Ein Klassiker abseits des Literaturbetriebs

Karl Lubomirskis neue Gedichte: "Palinuro"
Berenkamp Verlag, Hall in Tirol/Wien, 128 S., 14,90 €.

Aufmerksame Leser haben es sicher schon bei seinen früheren Gedichtbänden bemerkt ("Propyläen der Nacht", dem Sammelband früherer, längst vergriffener Bücher, aber auch den Veröffentlichungen der letzten Jahre wie "Tempo naufragato- Gekenterte Zeit" oder "Raumfremde"): Karl Lubomirski ist längst ein Klassiker, oder, wenn man es nicht so statisch ausdrücken mag, ein Vertreter jener aufgeklärten Renaissance, die von Italien aus aus ganz Europa kulturell und politisch geprägt hat. Seit über 30 Jahren lebt er in Italien - erst beruflich und dann familiär sowie atmosphärisch gebunden. Die griechische Antike, Rom, Byzanz: das ist ihm näher als die lyrischen Formschulen des 20. Jahrhunderts. Begriffe wie "modern" oder "postmodern" taugen nichts bei dem Versuch, diesen Dichter zu verstehen.

Der Titel "Palinuro"steht für Palinurus, den Steuermann des Äneas. Der Schwiegersohn des Priamos und Gegner des Achill war nach dem Untergang Trojas auf der Suche nach einer neuen Heimat. Und obwohl sein Steuermann vor dem Erreichen des Zieles starb, hatte er doch den richtigen Kurs gesetzt und Äneas kam mit seinen Männern an. Neubeginn also als Flagge, Zeichen und Botschaft, aber kein unbelasteter Neubeginn nach allem, was war.

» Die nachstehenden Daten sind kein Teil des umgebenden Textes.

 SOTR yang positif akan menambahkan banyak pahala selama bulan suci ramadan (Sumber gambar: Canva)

Immerhin:

Man kann sich
Aus der ganzen Welt
In ein einziges Herz
Zurückziehen.

Lubomirski verfügt spielerisch über den gesamten strengen Formenkanon der Lyrik. Er hat ihn aber bereichert um Elemente der japanischen Haikus, jener Kurzgedichte, die dem Aphorismus verwandt sind, die er aber ebenfalls nicht einfach ins Deutsche kopiert, sondern wie alle lyrische Erbmasse nur als Anregung nimmt und abwandelt, formal und inhaltlich durchdekliniert mit einer Philosophie, die Schönheit im Angesicht von Vergänglichkeit und Vergblichkeit nicht sinnlos findet. Im Gegenteil: Schönheit, vor allem die der Sprache und daher auch Poesie, ist ihm die einzig bleibende Wertanlage überhaupt.

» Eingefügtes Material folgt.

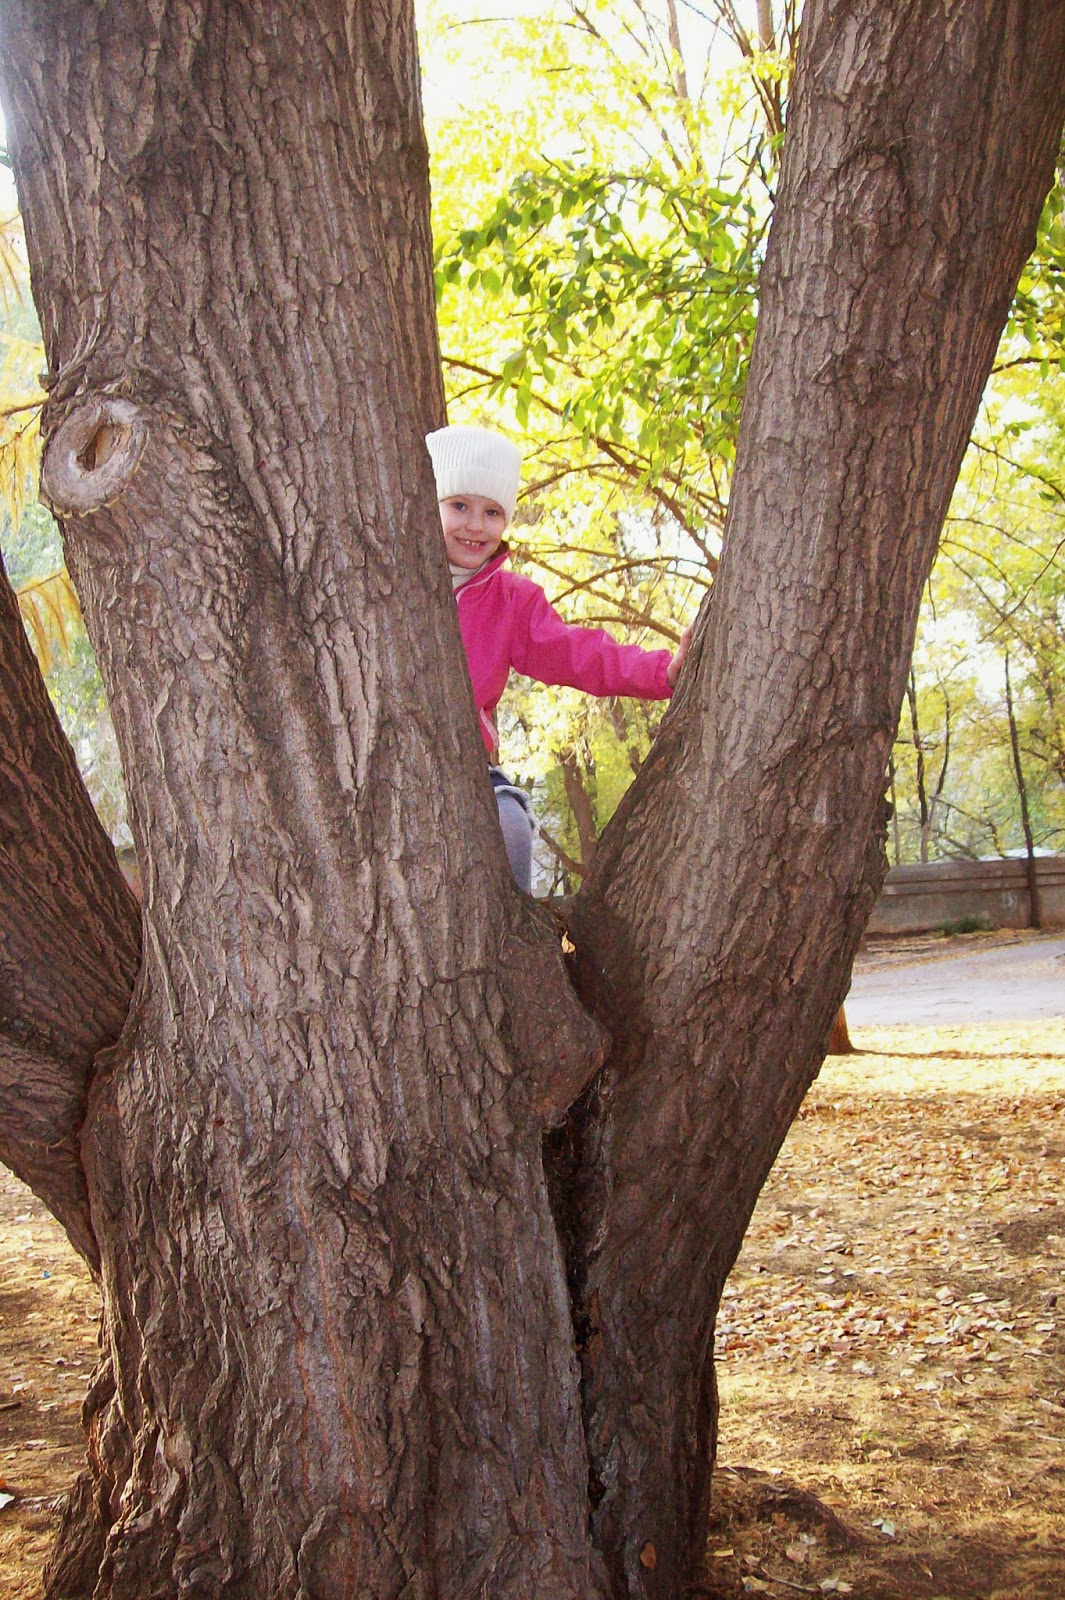 залезать на дерево - увлекательнейшее занятие!

Die Poesie der Klänge und Gedanken, wie Lubomirski sie schafft, erscheint als internationale Währung von unzerstörbarer Geltung. Sie steht über Inflation, Sinn- und Finanzkrise, auch weil sie niemals auf den Markt oder gar auf Moden spekuliert hat, sondern stets "nur" einfach Dchtung sein wollte, sonst nichts. Wie passend, dass er dafür voriges Jahr den Literaturpreis von Kalabrien bekam: der ist undotiert, aber international und sehr angesehen - wie Lubomirski und sein Werk. Unscheinbar, aber ewig und klassisch der Ort dieses Preises: Castrovillari, wo noch ein römisches Kastell steht, wo aber auch die Griechen waren. In dieser Gegend starb der Westgotenkönig Alarich, hier lag Byzanz (Istanbul!) oft näher als Rom. Diese geistige Nähe aufzugreifen, genügt ein einziges Wort in einem Gedicht, das aus nur zwei Wörten besteht:

Gebetsteppich
Erde
Ortlosigkeit, Einsamkeit ist die logische Folge für einen Menschen und sein Werk, der sich so sehr dem Aktuellen, den Moden, den Gruppenzwängen und Marketing-Forderungen verweigert wie Lubomirski. Aus einem alten polnischen Adelsgeschlecht stammend, in Österreich geboren, in Italien zu Hause und folglich in Deutschland so gut wie unbekannt: Das tut schon weh, aber das ist nicht alles im Leben. Es gibt Gründe, nachrichtig zu sein. Das Geld des Erfolgs braucht er nicht, die Anerkennung der Menschen, die ihn nicht verstehen, ebenso wenig. Sein Werk atmet diese Einsamkeit, aber eben ohne je bitter zu werden. Im Gegenteil: Versöhnung ist ihm stets ein besonderes Anliegen, wie in dem typischen Kurzgedicht:

Kinder aus Bagdad

Sie können nicht schwimmen
Und ertrinken im Hass.

Ich will hier nicht mehr zitieren, weil diese kleine Besprechung keine philologischen Grundlagen würdigen kann, und weil es möglich ist, in jener Kürze, die Lubomirski so liebt, Inhalte zu umreißen: Umwelt, Natur, Liebe, Menschlichkeit, Ehrfurcht vor den großen Kulturleistungen der Menschheit wie Kunst, Philosophie und Religionen. Davon hat er immer gesammelt und konnte nie genug bekommen auf zahlreichen Reisen. Auch über die hat er geschrieben, aber seine Essays sind ein anderes Thema.